In fact, it is a reason for Congress to get involved. There should be zero tolerance for mistakes in death penalty cases. We have a duty to get involved to try to contain the crisis before innocent people are put to death. Congress has the duty to get involved because the crisis is national scope.

Since 1973, 96 people who were sentenced to death and were heading to death row have been exonerated-one for every seven or eight who have been executed. These 96 exonerations span 22

different States, which is a substantial majority of the States that have a death penalty.

In Illinois, the Governor, a conservative Republican, imposed a moratorium on executions because of the State's dismal record of sending innocent people to death row.
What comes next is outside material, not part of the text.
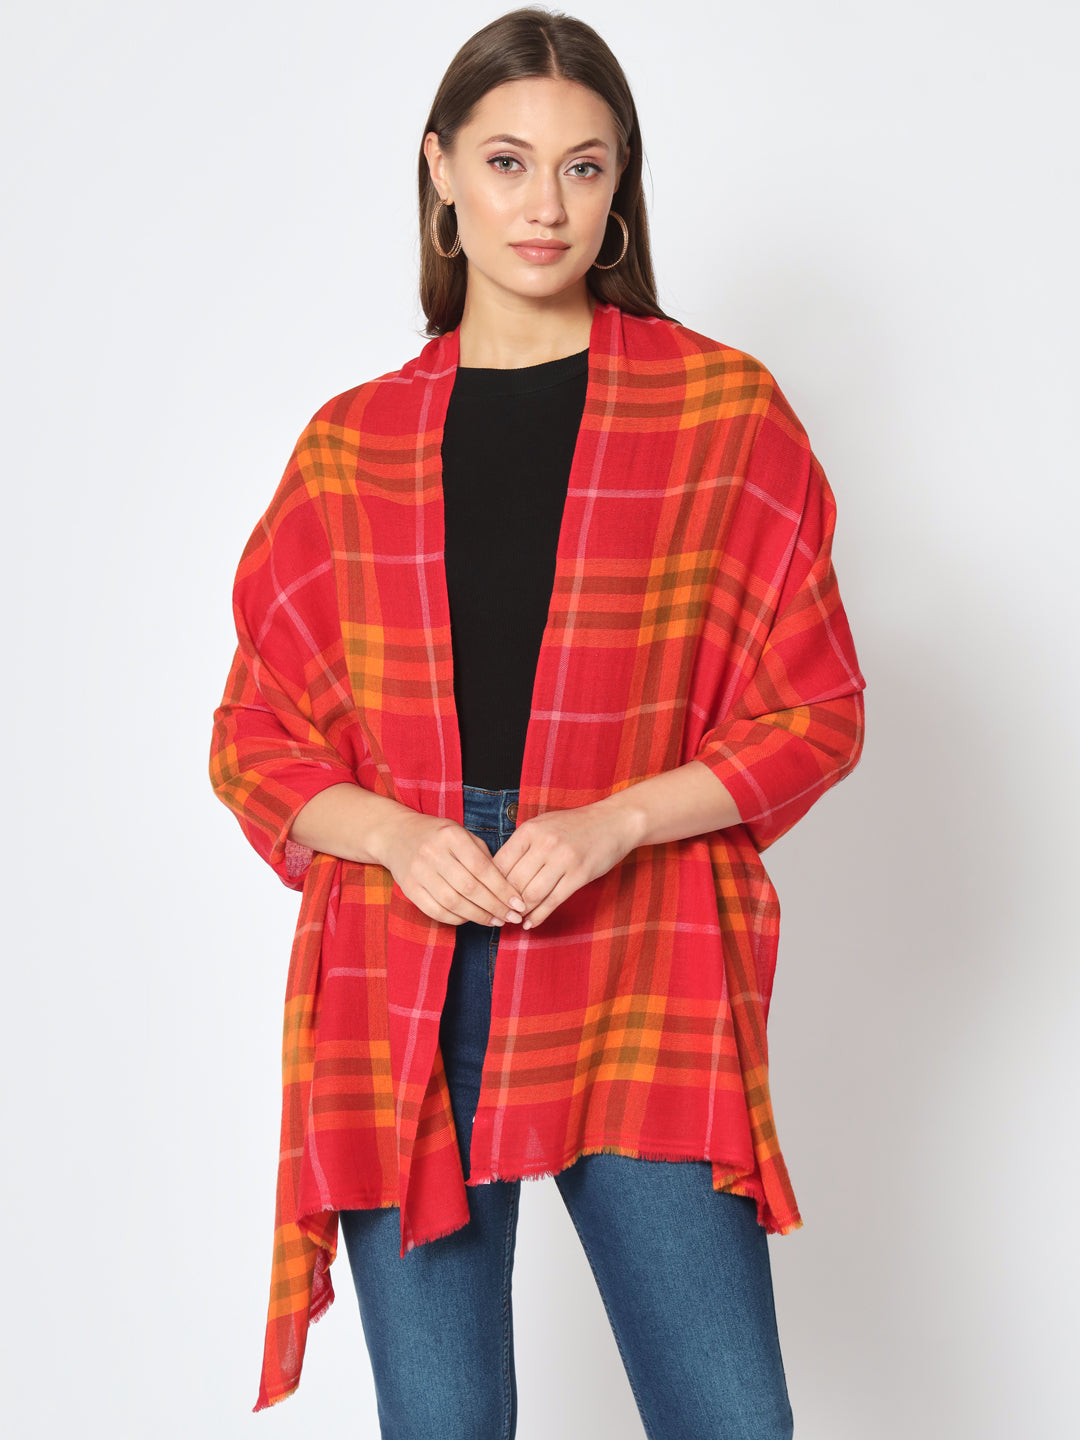 real pashmina shawl price, woolen shawl price

But this isn't an Illinois. problem or a Texas problem; it is a national problem. It calls into question the legitimacy of criminal convictions, but it also undermines public confidence in the integrity of the criminal justice system as a whole.
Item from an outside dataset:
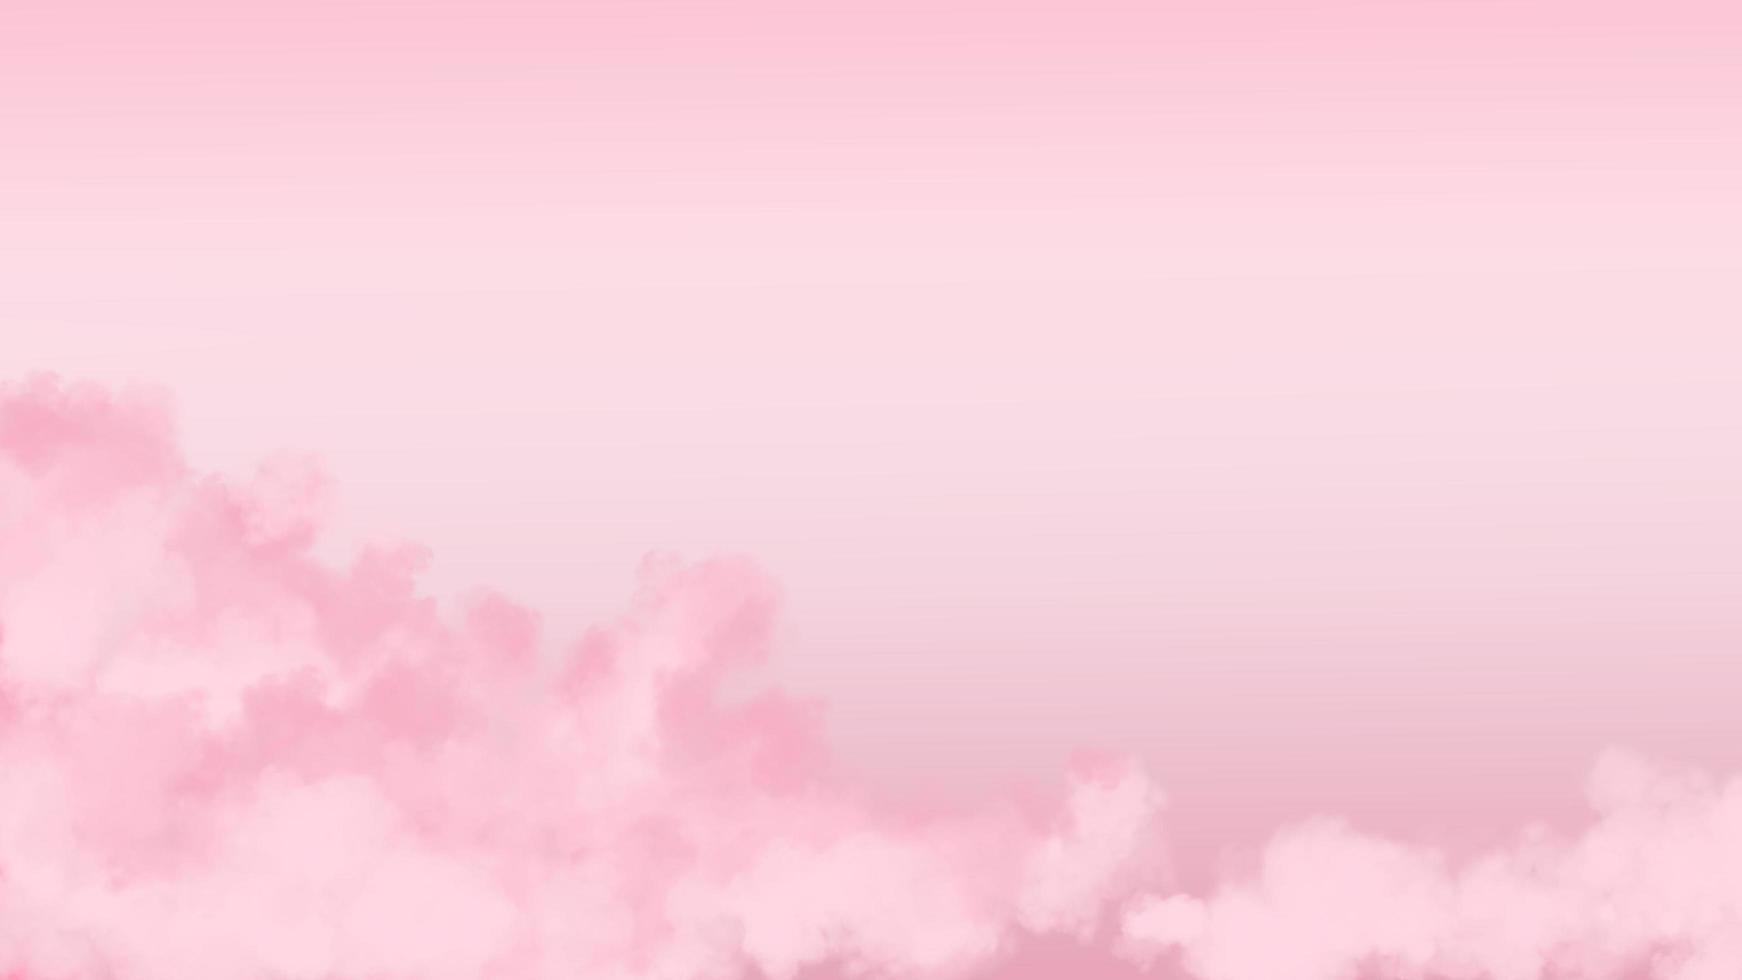 realistische roze pluizige wolkenillustratie. zoete achtergrond voor uw inhoud zoals Valentijnsdag, bruiloft, liefde, paar, romantiek, romantisch, wenskaart, uitnodiging, promotie, advertentie enz. foto

If mistakes occur when a life is at stake, what happens when the crimes and penalties are less severe? Witnesses and juries and judges become more skeptical about how well the police and prosecutors are doing their jobs. If they do not trust the jobs that are being done, what does that mean for our prosecutors and police? It means that it is going to be far more difficult to get convictions when they have the right person if they show sloppiness when they have the wrong person.

And let us not forget that when an innocent person is put in prison, that doesn't protect us. The person who committed the crime is out there, free to do the same thing. If you convict the wrong person, leaving the actual murderer free, what does that do?

In 1985, Rolando Cruz and Alejandro Hernandez were wrongly convicted and sentenced to death for the murder of a 10-year-old girl. DNA tests ultimately linked another man to the little girl's death, clearing them. In the meantime, because the wrong men were convicted and the right person was still out there, the actual criminal committed another murder. This is a national problem. It is not a question whether Congress should act, but when.

Last year, we passed the Paul Coverdell National Forensic Sciences Improvement Act. I was proud to cosponsor this bipartisan legislation which will improve the quality and credibility of our Nation's crime labs. We are still working to fund it. When the Senate took up the Paul Coverdell bill, I proposed a sense of the Congress amendment which the Senate adopted. In it, we resolved to work with the States to improve the quality of legal representation in capital cases through the establishment of counsel standards. Congress has already gone on record in recognizing what has to be done; now is the time to do it.

[The prepared statement of Senator Leahy follows:]

STATEMENT OF HON. PATRICK J. LEAHY, A U.S. SENATOR FROM THE STATE OF

VERMONT

I want to welcome all of the witnesses and thank you for coming today. I am particularly pleased to welcome Senator Smith and Senator Collins, as well as our lead House cosponsors, Congressman Bill Delahunt and Congressman Ray LaHood. I thank them for their commitment to our legislation, the Innocence Protection Act of 2001.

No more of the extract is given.